RNNs are different from regular feed-forward neural networks as they process information differently. In the normal feed-forward, the information is processed following the layers. However,  RNN is using a loop cycle on the information input as consideration. To understand the differences, let’s see the image below.

 

Comparing Natural Language Processing Techniques: RNNs, Transformers, BERT
Image by Author
 

As you can see, the RNNs model implements a loop cycle during the information processing. RNNs would consider the current and previous data input when processing this information. That’s why the model is suitable for any type of sequential data.

If we take an example in the text data, imagine we have the sentence “I wake up at 7 AM”, and we have the word as input. In the feed-forward neural network, when we reach the word “up,” the model would already forget the words “I,” “wake,” and “up.” However, RNNs would use every output for each word and loop them back so the model would not forget.

In the NLP field, RNNs are often used in many textual applications, such as text classification and generation. It’s often used in word-level applications such as Part of Speech tagging, next-word generation, etc. 
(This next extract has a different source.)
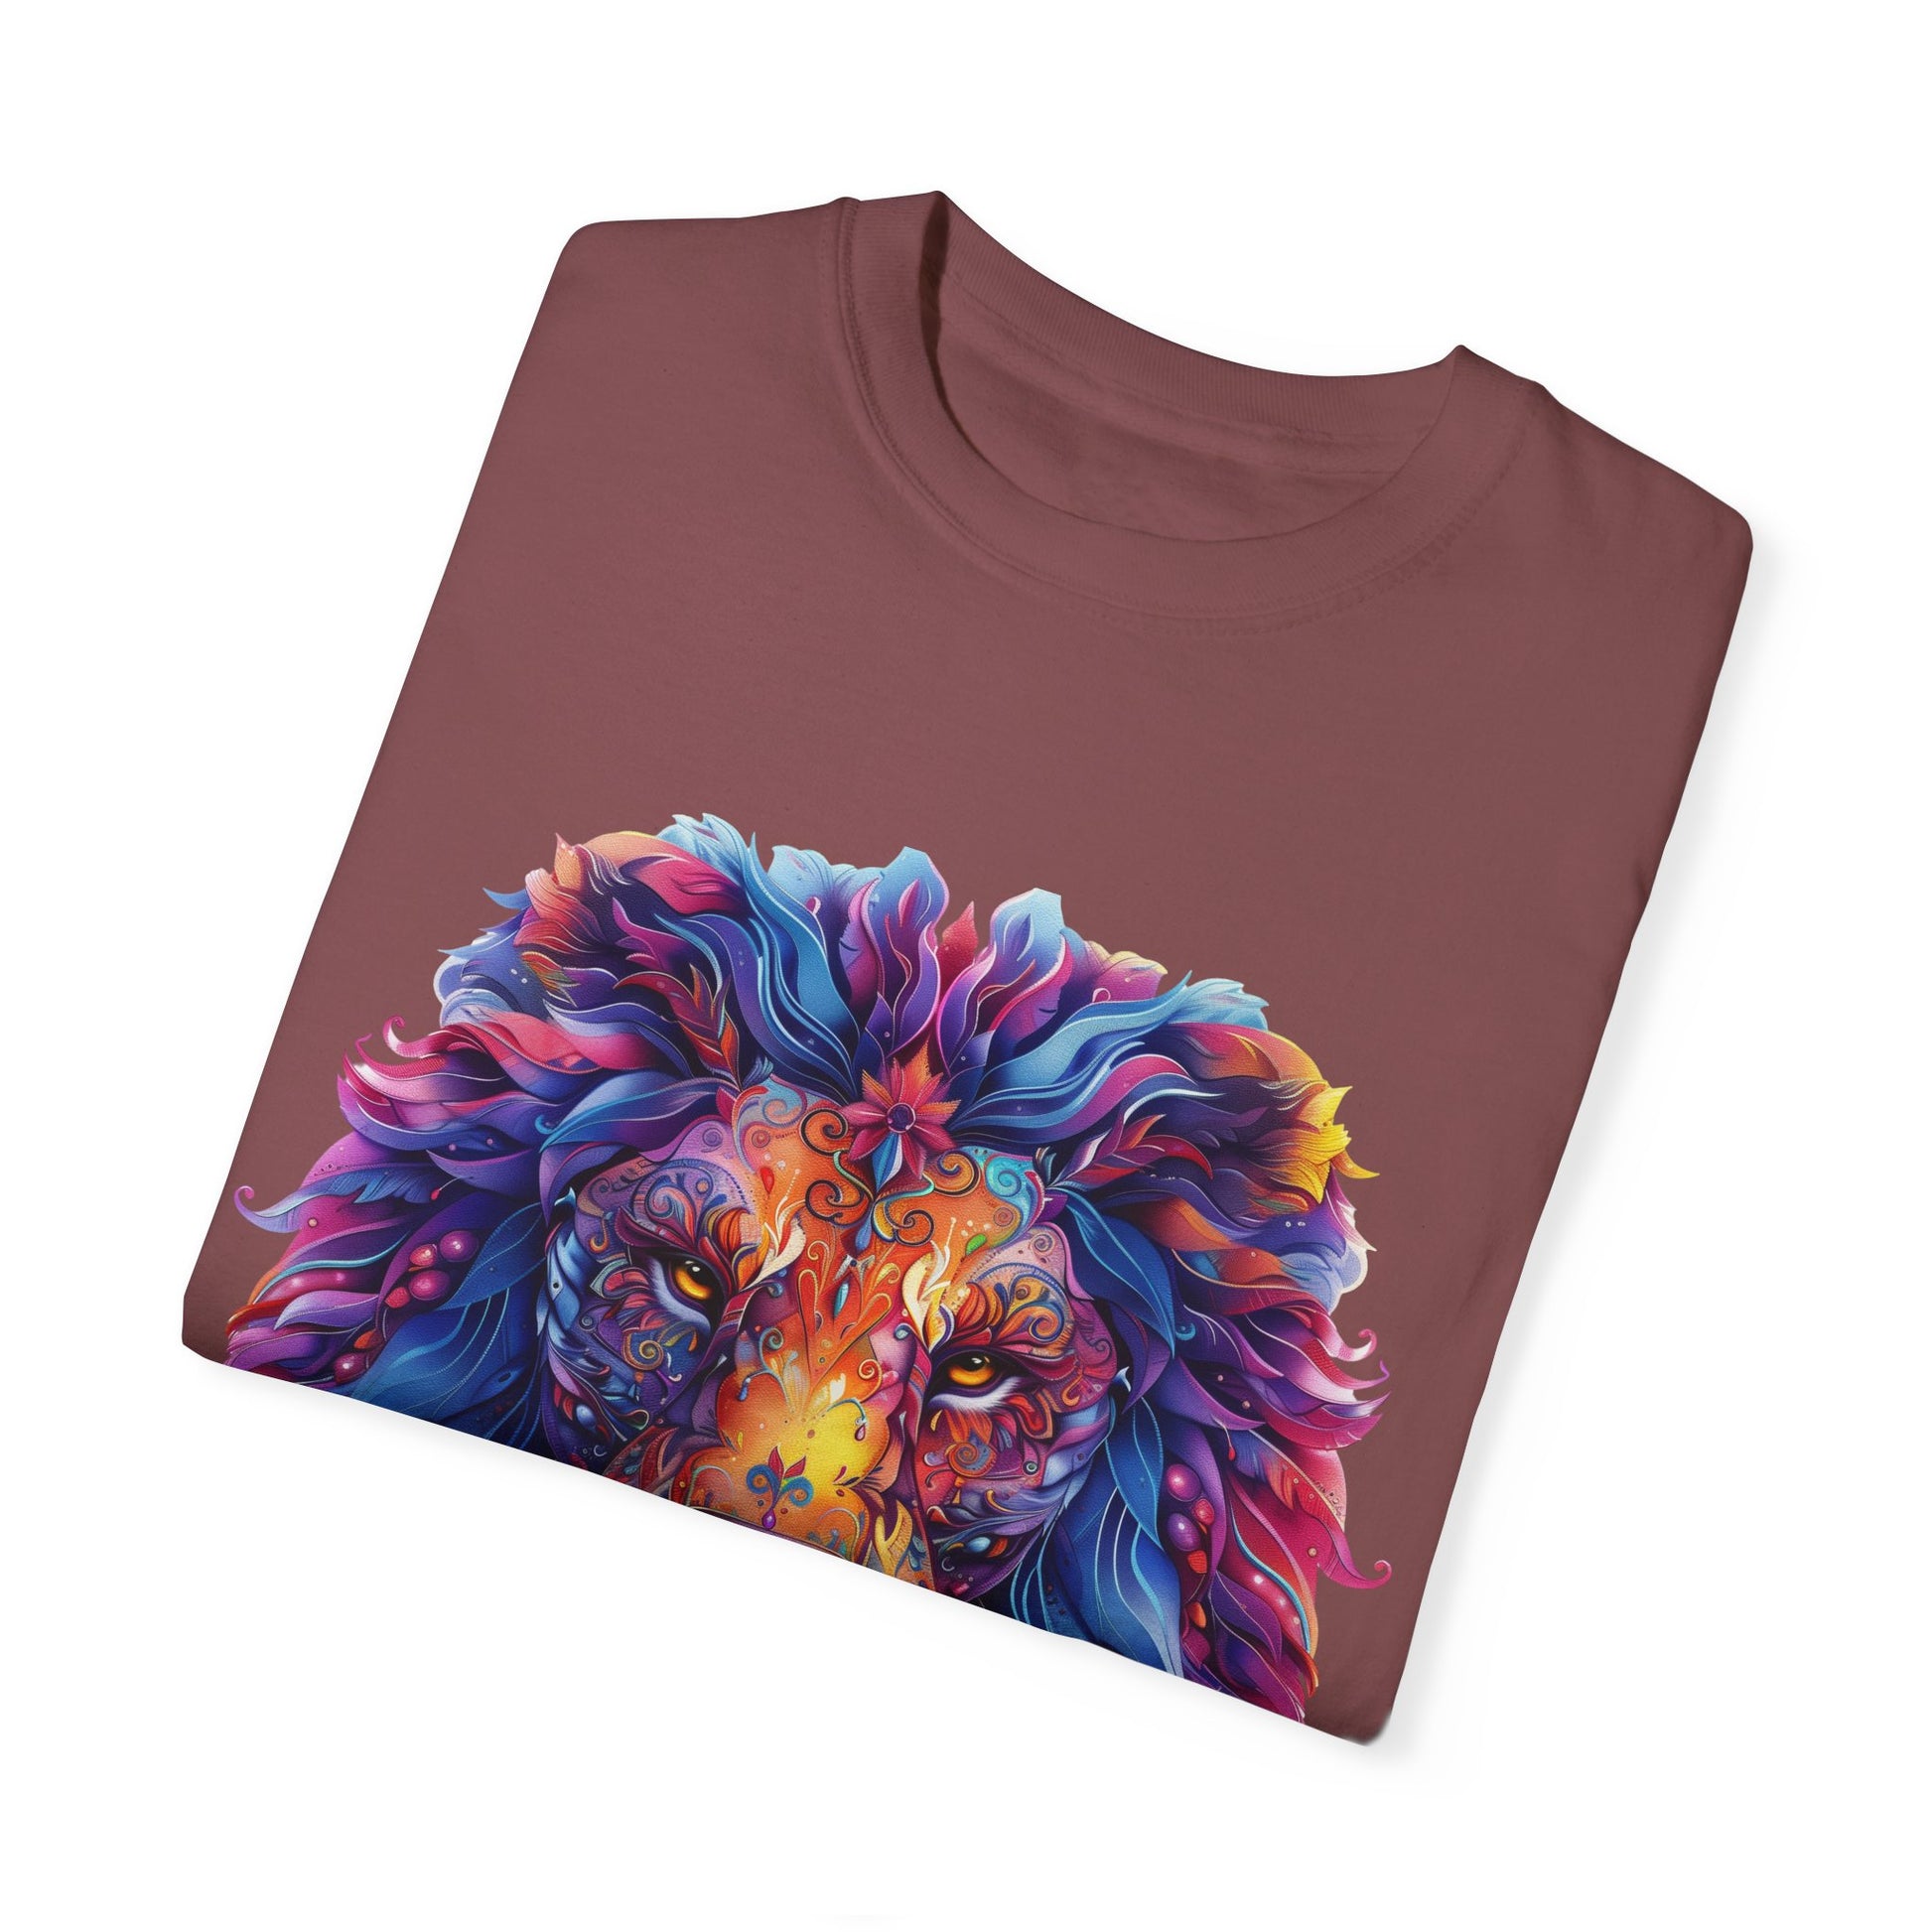 Lion Head Cool Graphic Design Novelty Unisex Garment-dyed T-shirt Cotton Funny Humorous Graphic Soft Premium Unisex Men Women Brick T-shirt Birthday Gift-29
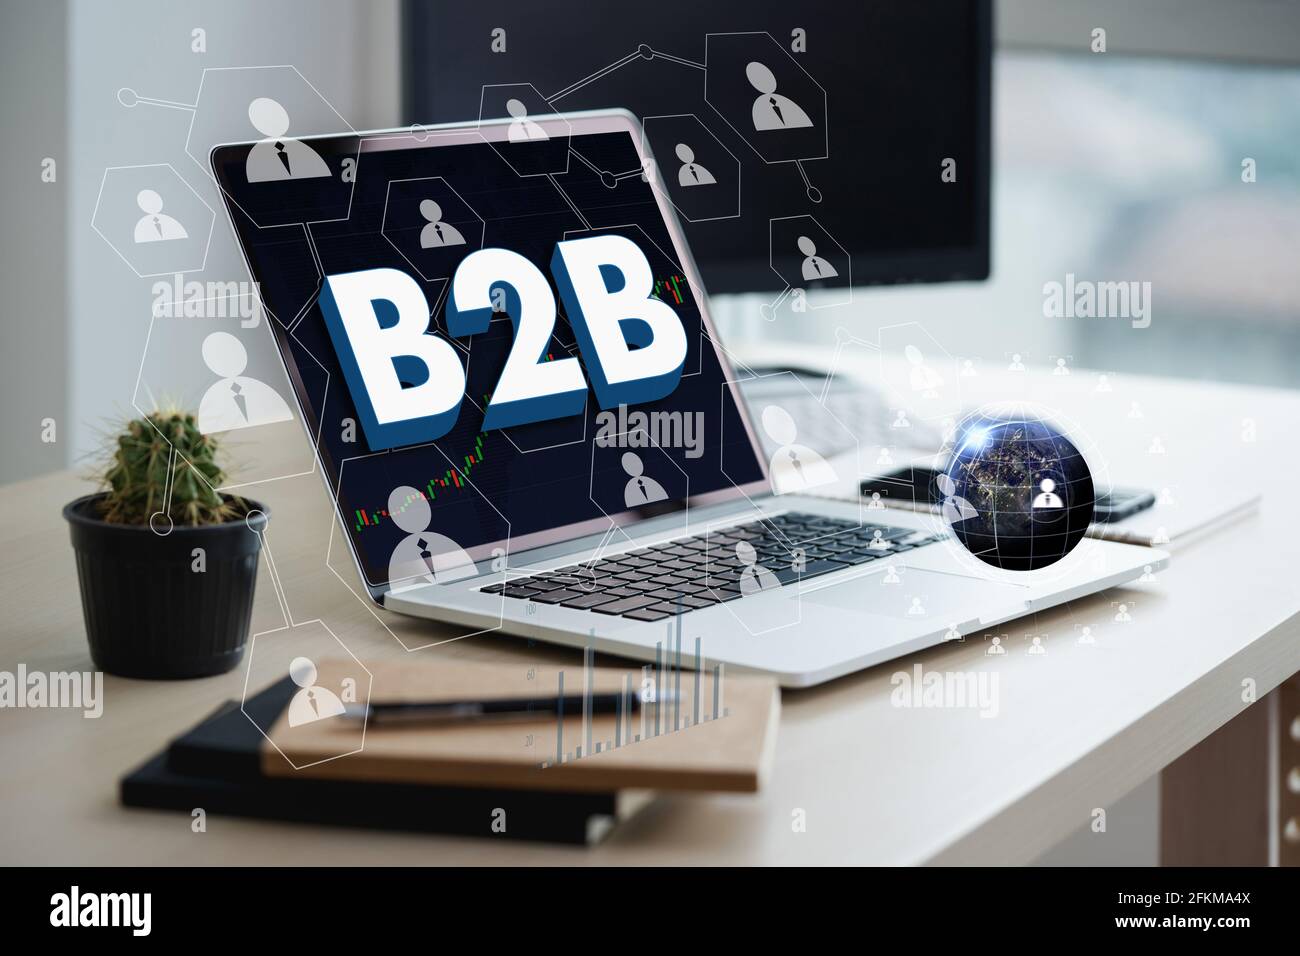 B2B Marketing Business To Business Marketing Company and B2B Business Company Commerce Technology Marketing Stock Photo

Looking at the RNNs more in-depth on the textual data, there are many types of RNNs. For example, the below image is the many-to-many types.
 

Comparing Natural Language Processing Techniques: RNNs, Transformers, BERT
Image by Author
 

Looking at the image above, we can see that the output for each step (time-step in RNN) is processed one step at a time, and every iteration always considers the previous information.

Another RNN type used in many NLP applications is the encoder-decoder type (Sequence-to-Sequence). The structure is shown in the image below.

 

Comparing Natural Language Processing Techniques: RNNs, Transformers, BERT
Image by Author
 

This structure introduces two parts that are used in the model. The first part is called Encoder, which is a part that receives data sequence and creates a new representation based on it. The representation would be used in the second part of the model, which is the decoder. With this structure, the input and output lengths don’t necessarily need to be equal. The example use case is a language translation, which often does not have the same length between the input and output.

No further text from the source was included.